Nothing in the listing should be altered when it is copied, and no picture goes into the copy.

__Data extract__.
________
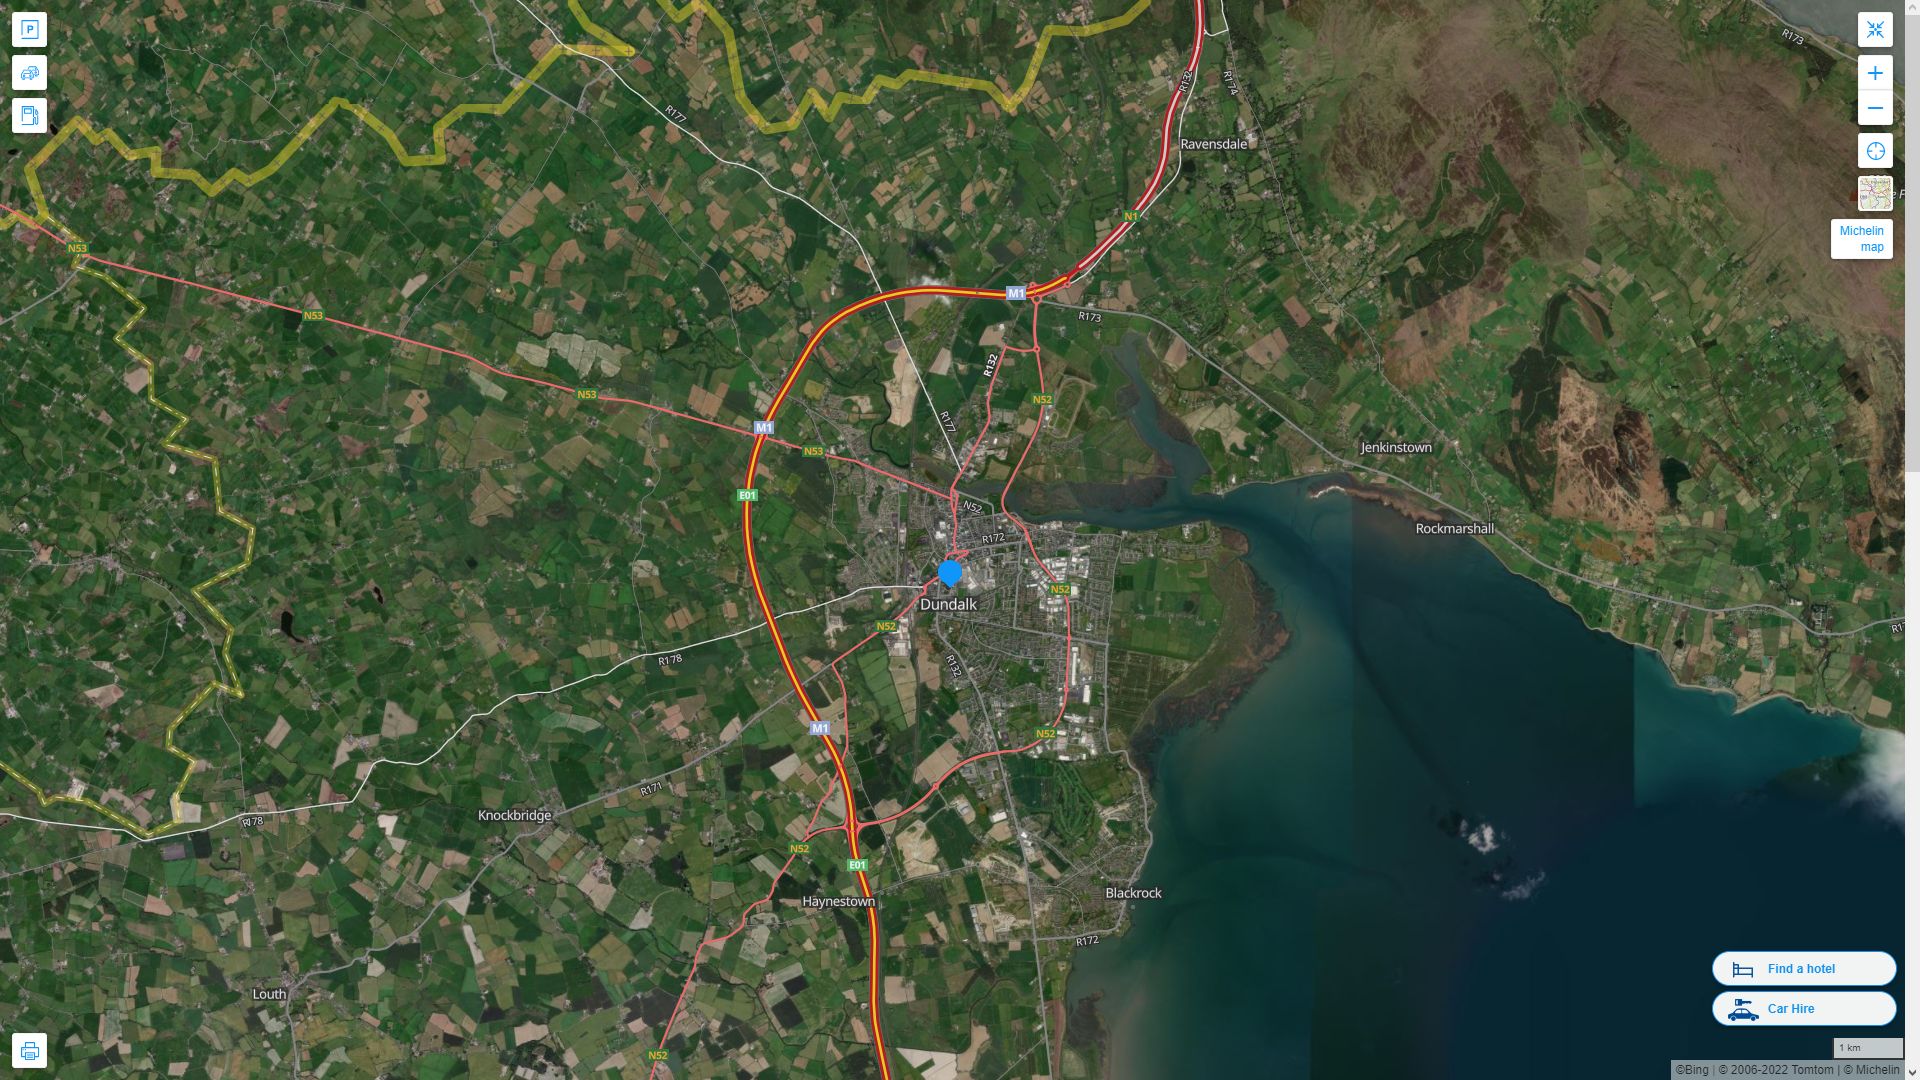 Dundalk Irlande Autoroute et carte routiere avec vue satellite
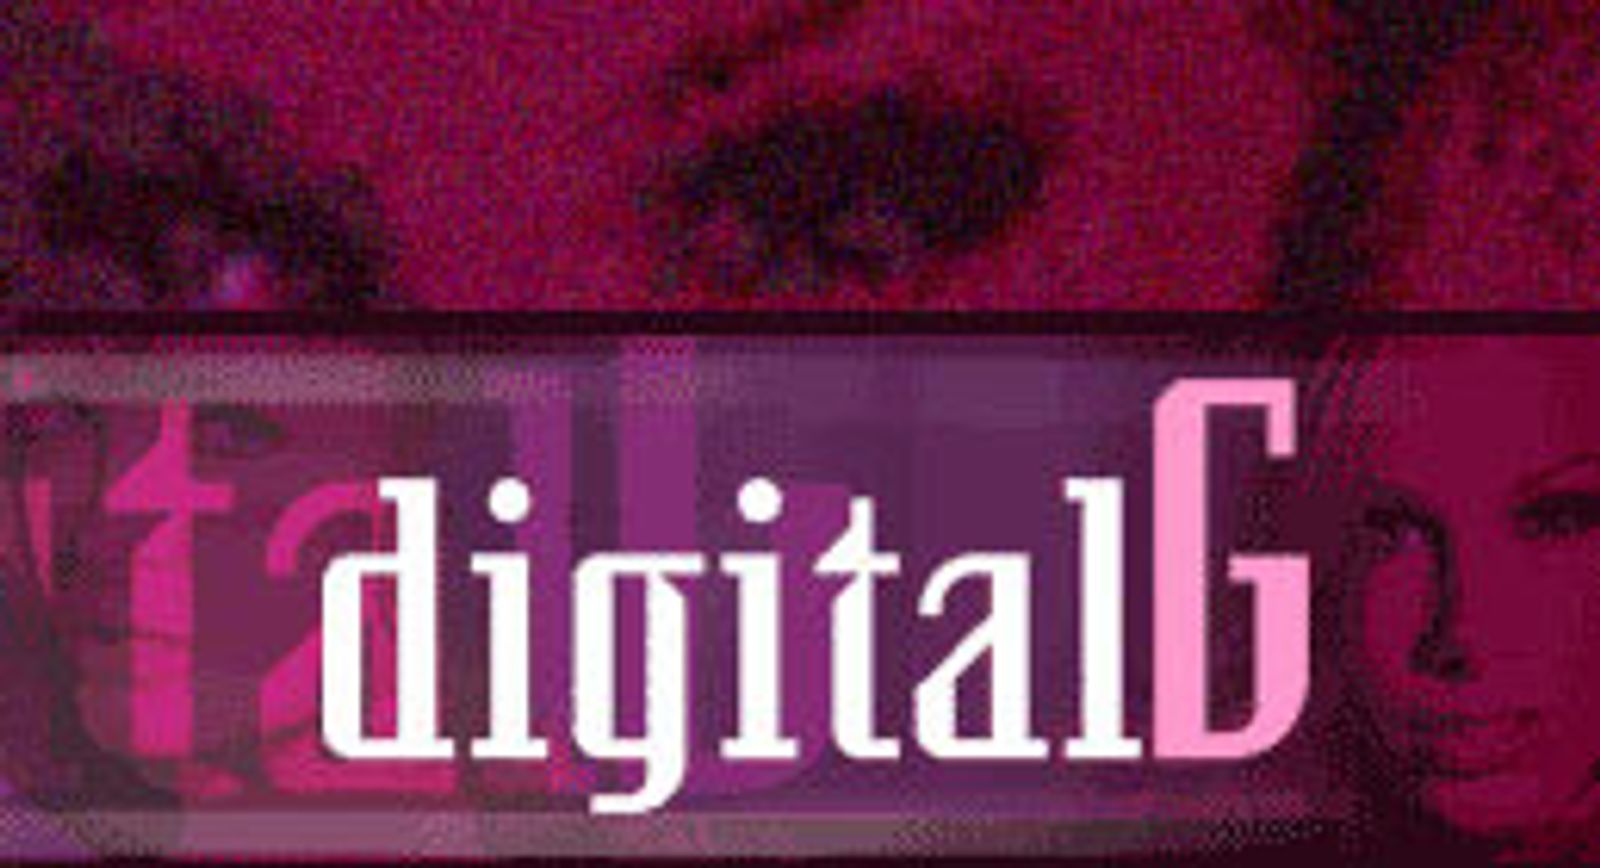 Digital G Girls Land Mainstream Series Leads
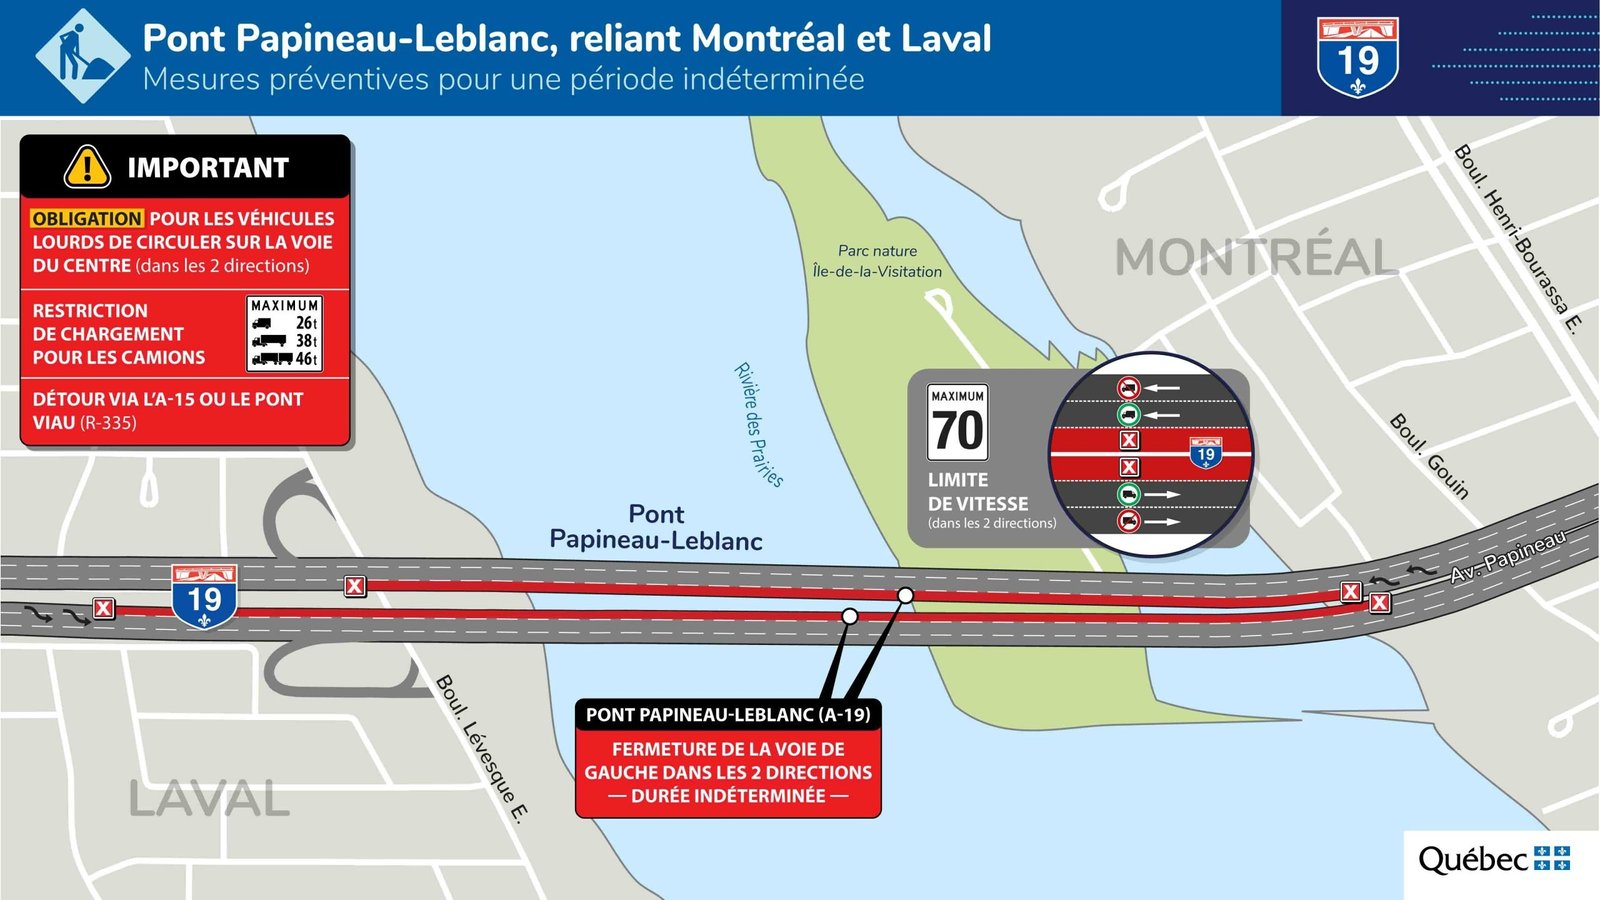 Lane closings, trucks restricted on Papineau-Leblanc Bridge starting June 11
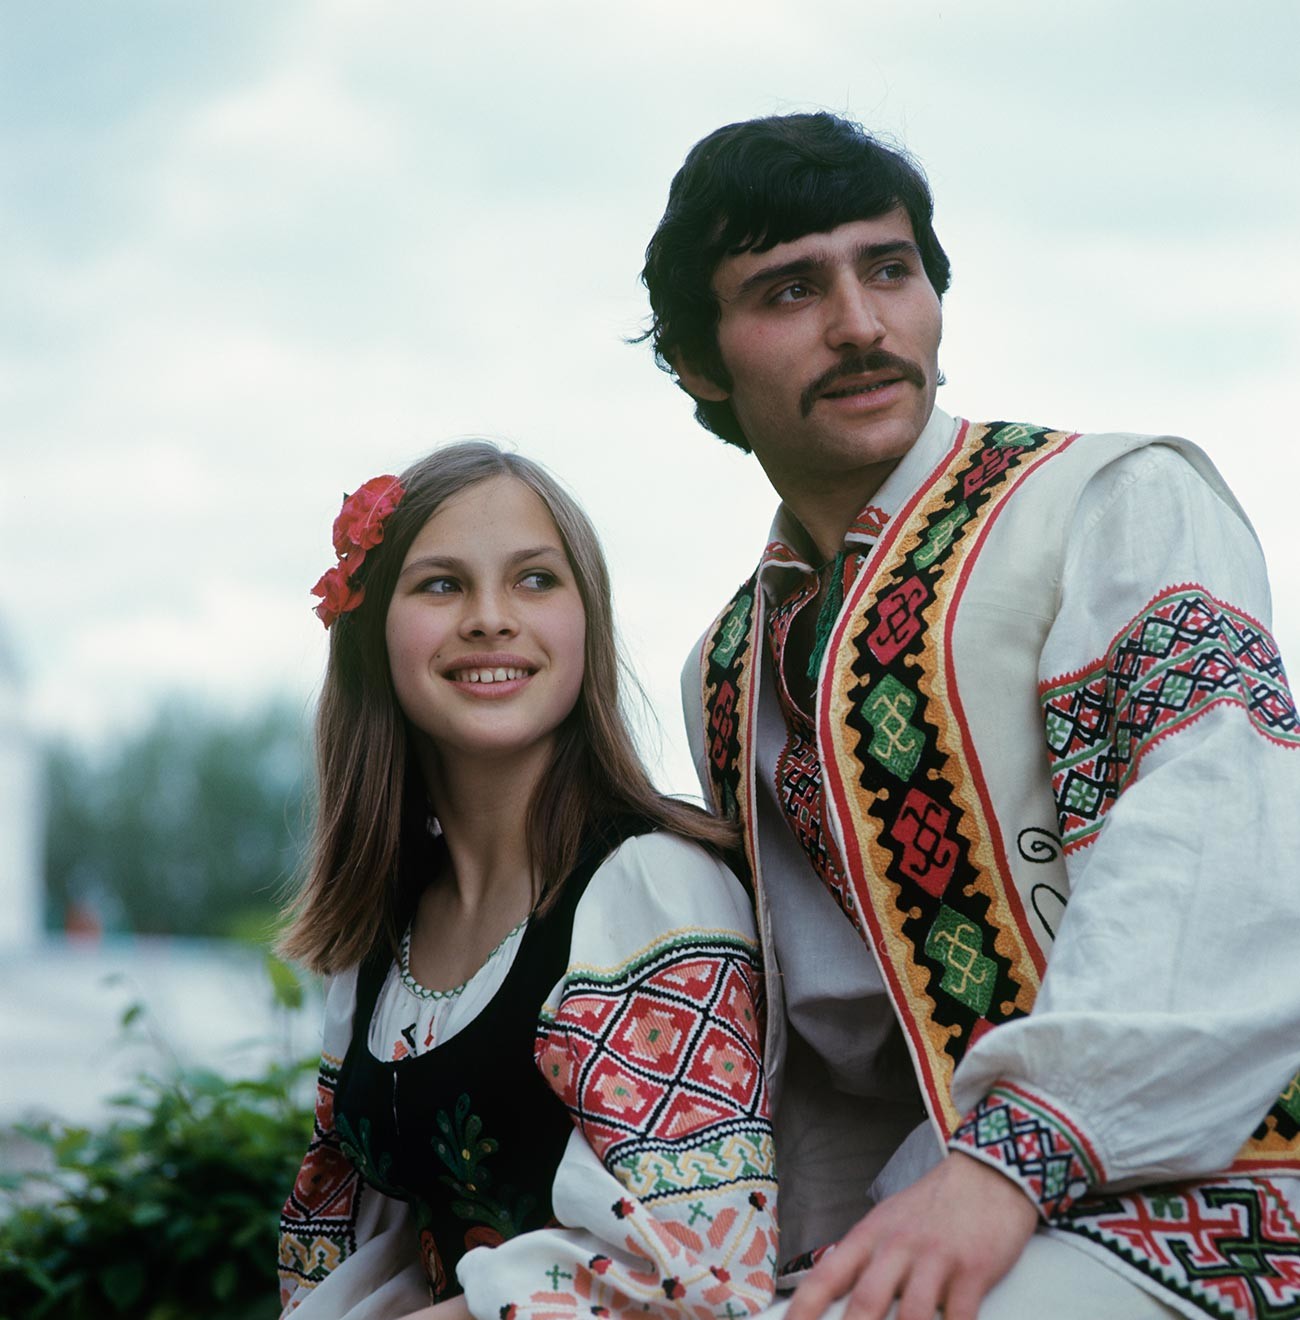 Ensemble de danse traditionnelle « Moldavaneska », 1975
________
__Response to the task__.
 Dundalk Irlande Autoroute et carte routiere avec vue satellite
 Digital G Girls Land Mainstream Series Leads
 Lane closings, trucks restricted on Papineau-Leblanc Bridge starting June 11
 Ensemble de danse traditionnelle « Moldavaneska », 1975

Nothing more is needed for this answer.